The papers in this panel seek to integrate strands – and draw on strengths – from these three fields to analyze the ways in which humans and animals have coevolved within the ecosystems which they inhabited.  In turn, they seek to assess the historical consequences that these changes have held at a variety of scales, from the local to the global.  Each paper in this panel focuses on animals – including guanacos, anchovies, sardines, jaguars, and caimans – that were commodified at different times during the late nineteenth and twentieth century.  These animals formed integral parts of particular Latin American ecosystems – coastal, marine, and wetland – and were produced by a variety of social actors, including ranchers, fishermen, and hunters for worldwide consumption.  Taken together, the presentations in this panel suggest that a focus on human-animal relationships can help historians not only to understand local social and environmental change but also broad historical processes such as international commodity markets, globalization, and climate change.

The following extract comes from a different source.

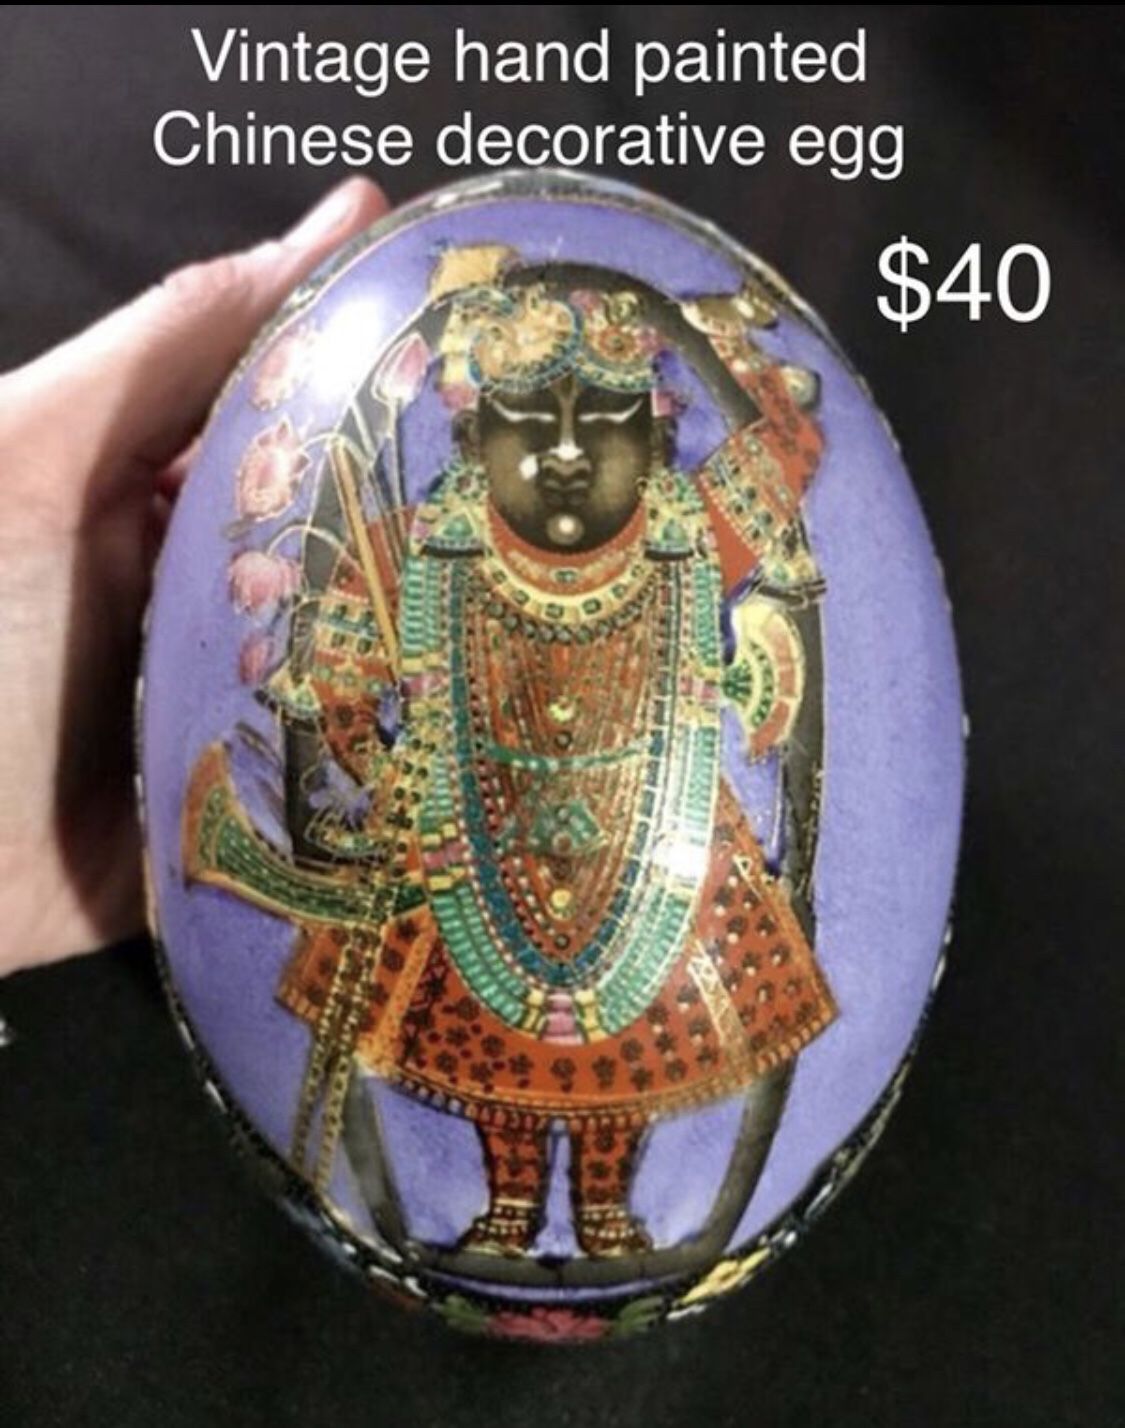 Antique hand painted porcelain decorative egg

In the spirit of this year’s conference theme, we hope that this panel will encourage discussion and debate between historians of related, but often separate, fields of inquiry.  Although the papers in this panel focus on cases from postcolonial Latin America, the conceptual issues they raise and their focus on global historical processes make them relevant to historians of other world regions and time periods.  At its core, this panel invites scholars to think critically about the relative weights that we assign to the agency of humans, animals, and the environment in history.